§ **Task directions**
I would like the lines below, from the one with "Szarobrązowa Lampa Sufitowa" through the one with "Tienda Mickey Mouse", copied exactly and without any pictures.

§ **Data for review**
####

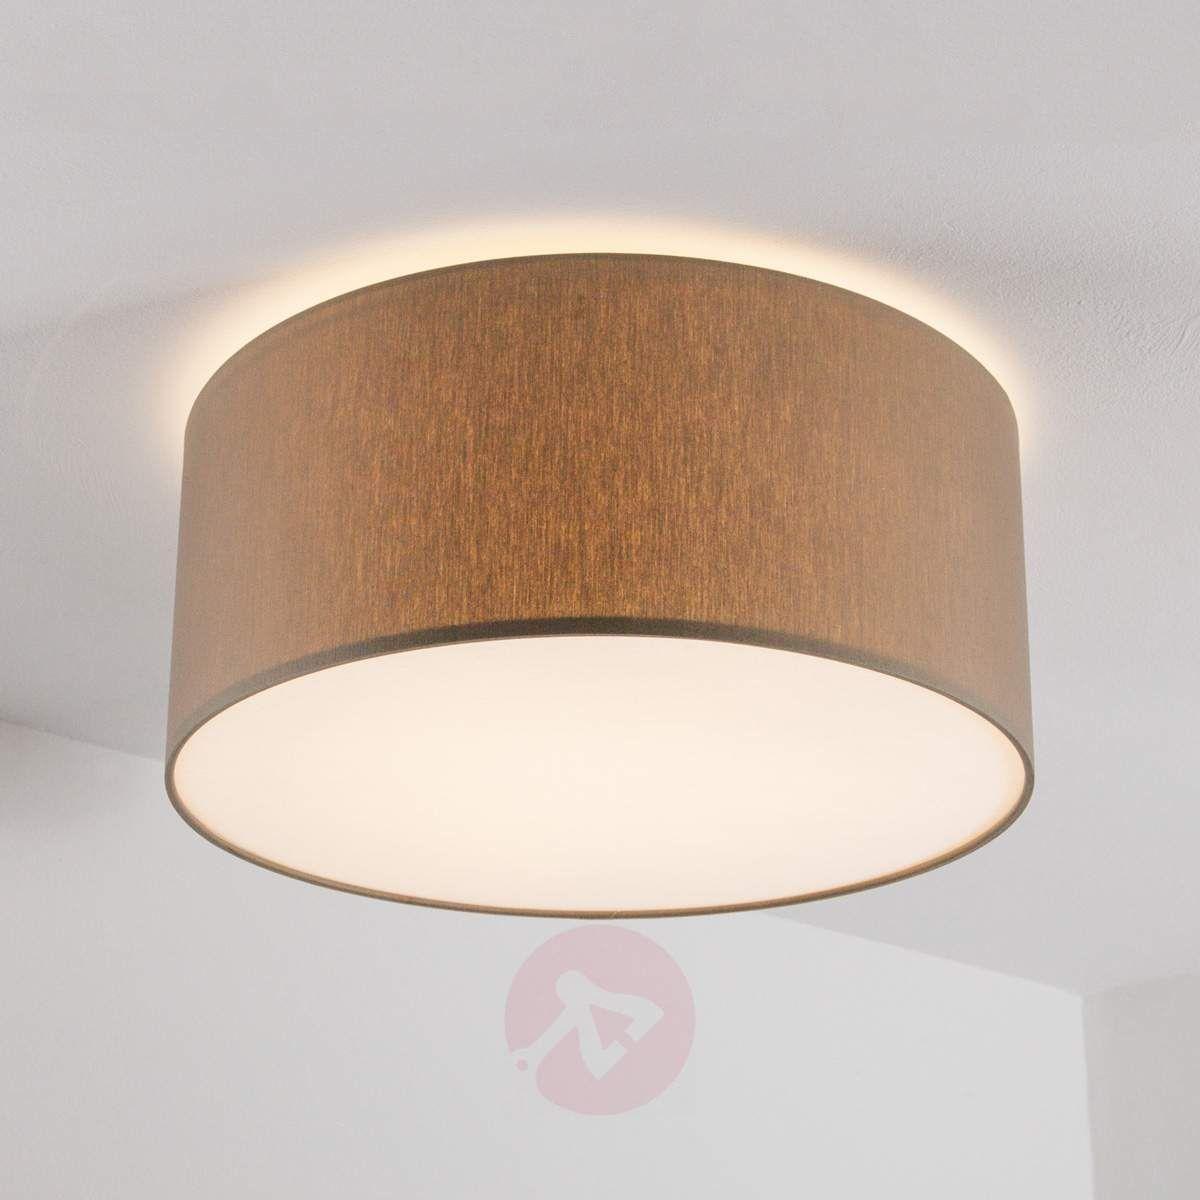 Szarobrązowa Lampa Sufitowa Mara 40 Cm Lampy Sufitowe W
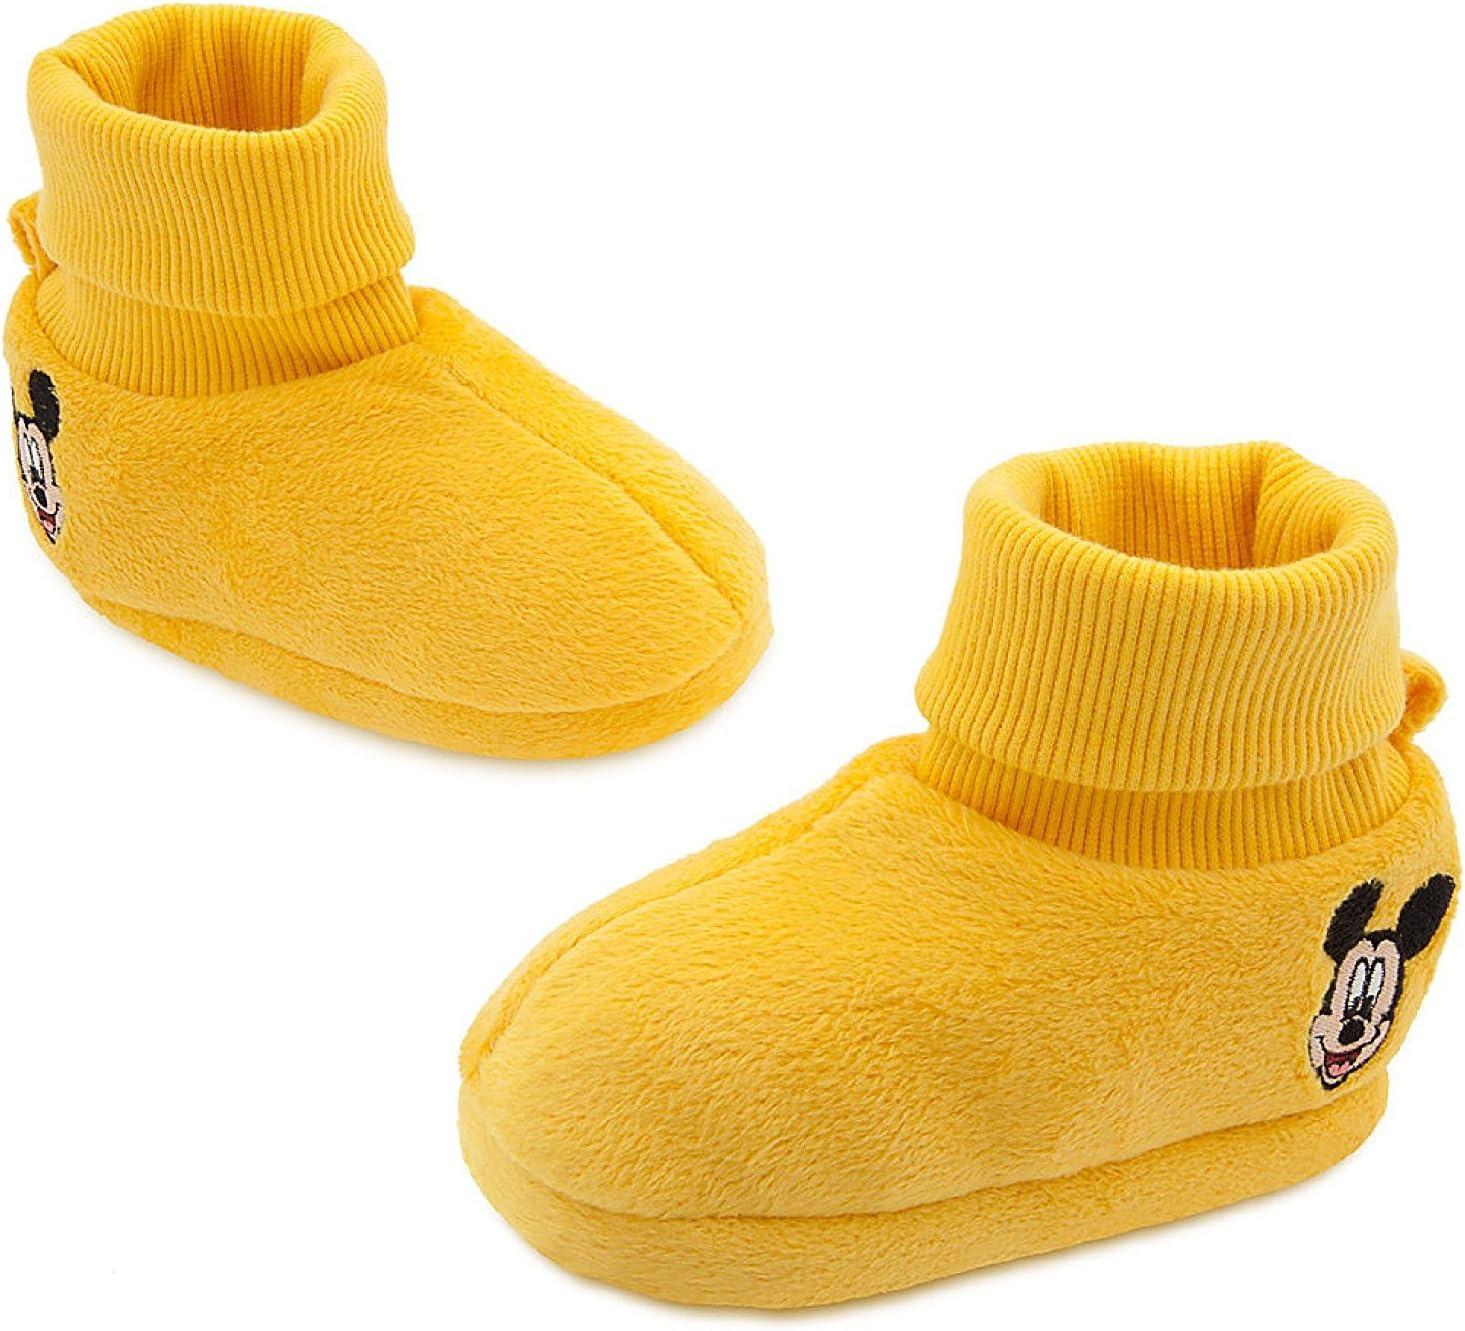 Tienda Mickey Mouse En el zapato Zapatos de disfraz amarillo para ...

####

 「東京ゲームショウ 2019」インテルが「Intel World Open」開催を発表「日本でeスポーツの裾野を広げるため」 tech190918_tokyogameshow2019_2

####

§ **Task answer**
 Szarobrązowa Lampa Sufitowa Mara 40 Cm Lampy Sufitowe W
 Tienda Mickey Mouse En el zapato Zapatos de disfraz amarillo para ...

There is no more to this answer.